Saturday, January 31, 2015

Scavenger Hunt 2015: Colorado


This month I'm taking a different approach.
Every picture I've used for this hunt 
was taken in or from my home.



January's List

1.  Something New

Bird by Bird by Anne Lamott


My niece Deirdre gave this to me for Christmas, 
and I am about halfway through it.  
It contains wonderful advice on writing 
and is deliciously funny!

I love this humorous anecdote:

“My son, Sam, at three and a half,
had these keys to a set of plastic handcuffs,
and one morning he intentionally locked himself out of the house.

I was sitting on the couch reading the newspaper
when I heard him stick his plastic keys
into the doorknob and try to open the door.

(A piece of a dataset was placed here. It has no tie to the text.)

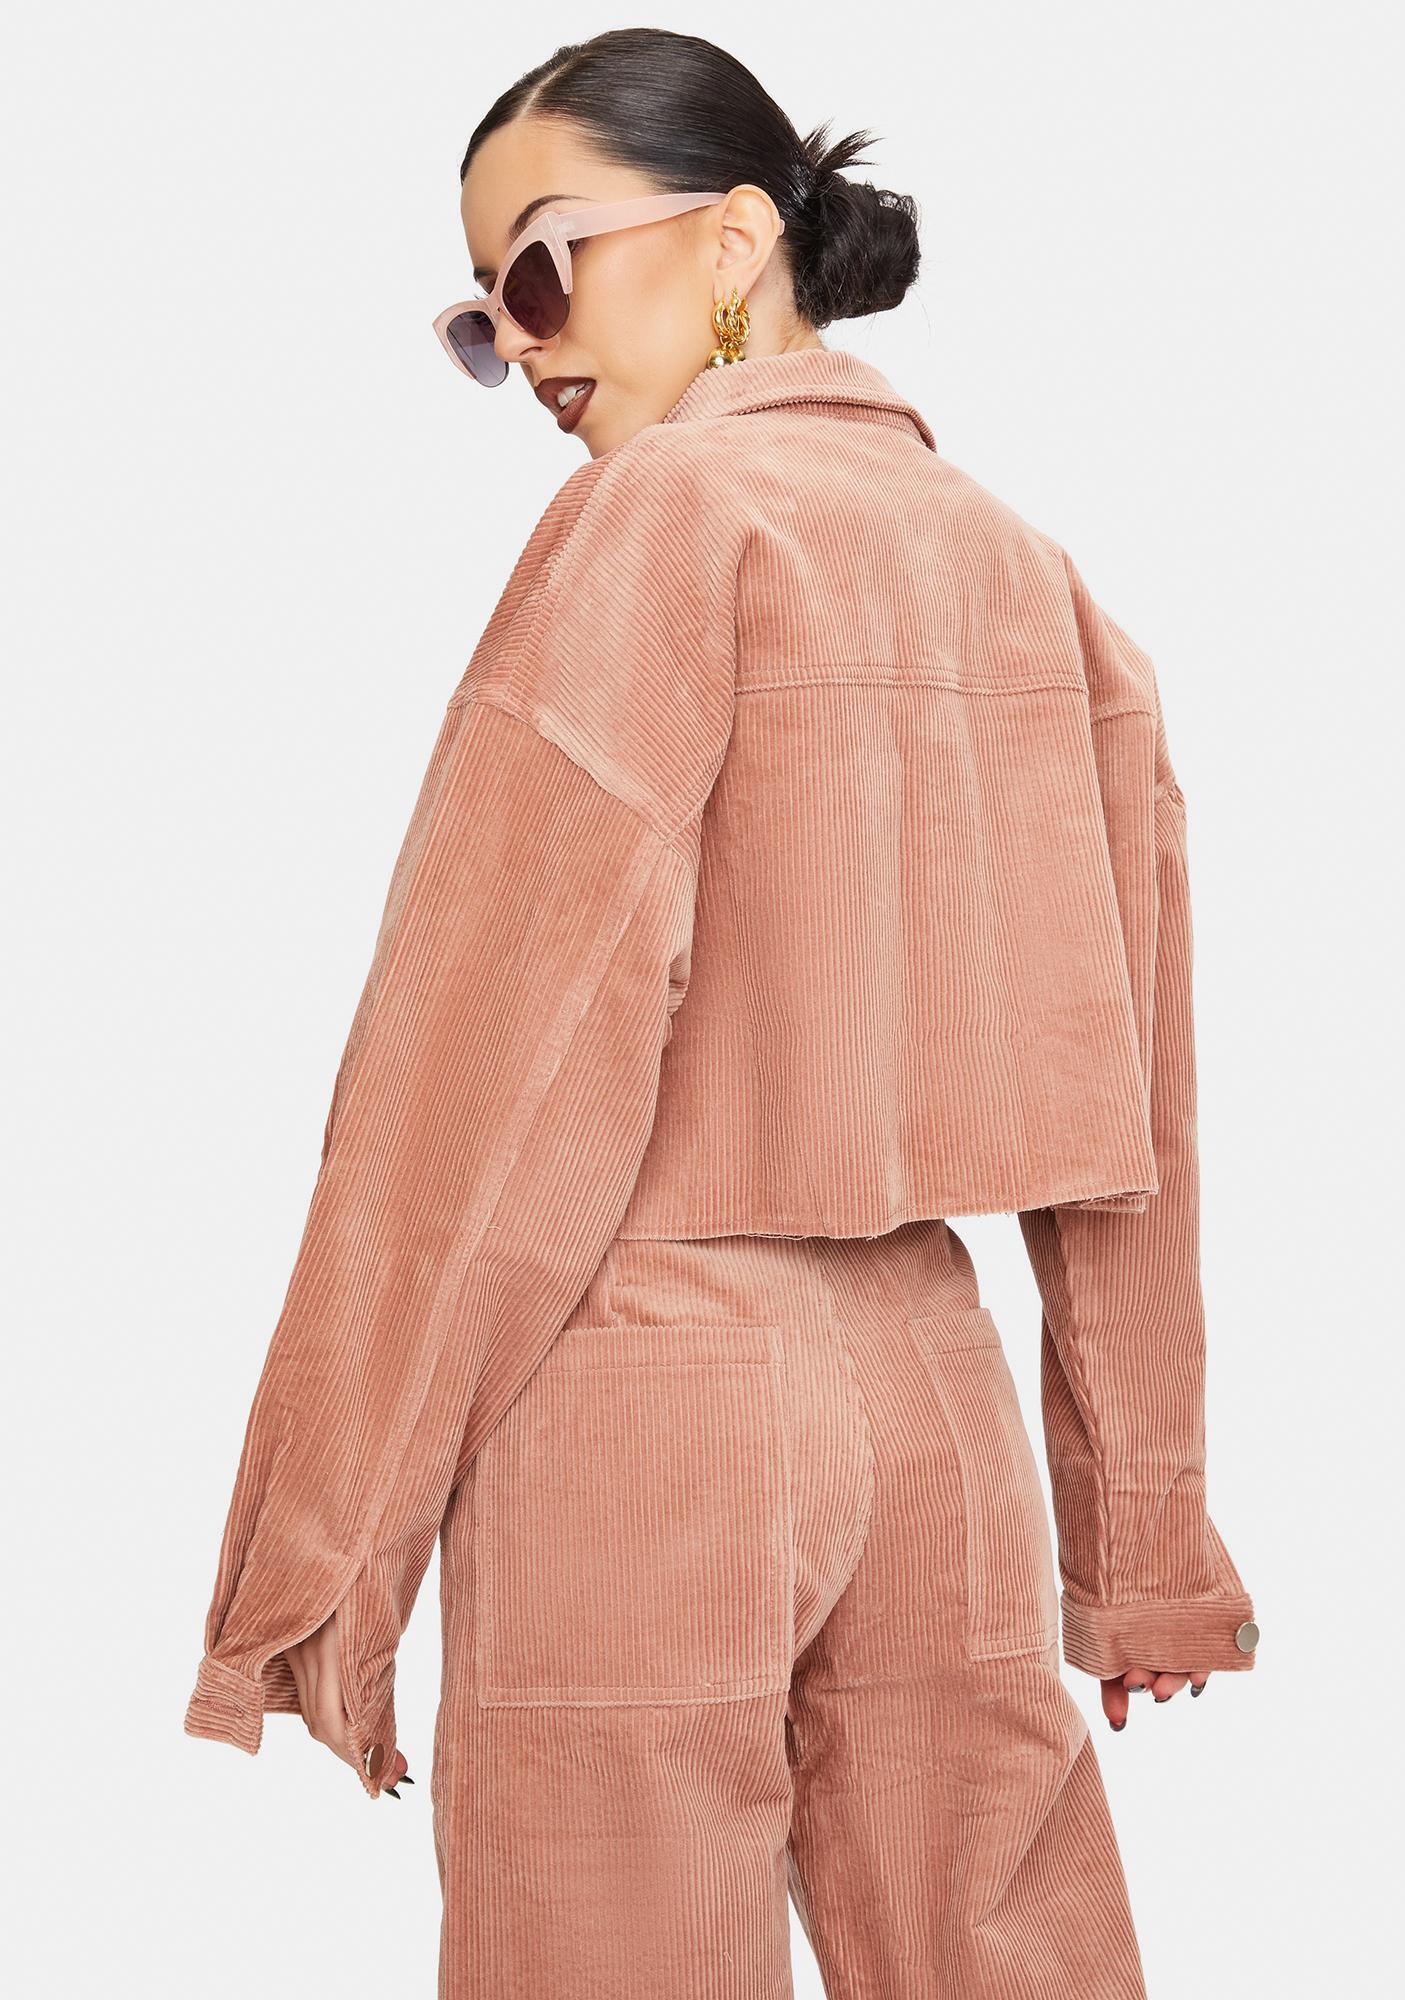 THE KRIPT Brick Harriet Corduroy Jacket

Then I heard him say, "Oh, shit."

My whole face widened,
like the guy in Edvard Munch's Scream.

After a moment I got up and opened the front door.
"Honey," I said, "what'd you just say?"

"I said, 'Oh, shit,'" he said.

"But, honey, that's a naughty word.
Both of us have absolutely got to stop using it.
Okay?"

He hung his head for a moment,
nodded, and said, "Okay, Mom."

Then he leaned forward and said confidentially,
"But I'll tell you why I said 'shit.'"

I said Okay, and he said,
"Because of the fucking keys!”

 goodreads ~ Anne Lamott



2.   Landscape
Out the Front Door



Out the Back



We've had wild swings of temperature and weather this January;
but early morning sunshine falling on fresh snow is hard to top!



3.  Words
Words ~ Letters and a Manuscript


I spend my days working 
with my mother's and father's words, 
turning them into my lifelong dream 
of writing a memoir. 



4.  Cold


We woke up to a cold morning
on January 4th!  (-15ยบ C)


      





5.  Bottle




This decorative bottle was given to me
by a student years ago. 



6.  Up High
Snow Patterns up High on Our Neighbor's Roof





7.  In the Fridge


Our downstairs bar refrigerator
has one can of beer
and one scary hunk of ice!
I need to get defrosting!



8.  Texture
My Favorite Teddy Bears


My white teddy bear is a long ago gift from my husband.
The black and grey one is made from 
my Grandmother MacDonald's lamb's wool coat.  
My sister Bertie had it made for me  
after Grammie's death.
The coat made teddy bears for a number of us,
and each one is treasured by its owner.



9.  Hidden
Do you see what is hidden up high in our closet?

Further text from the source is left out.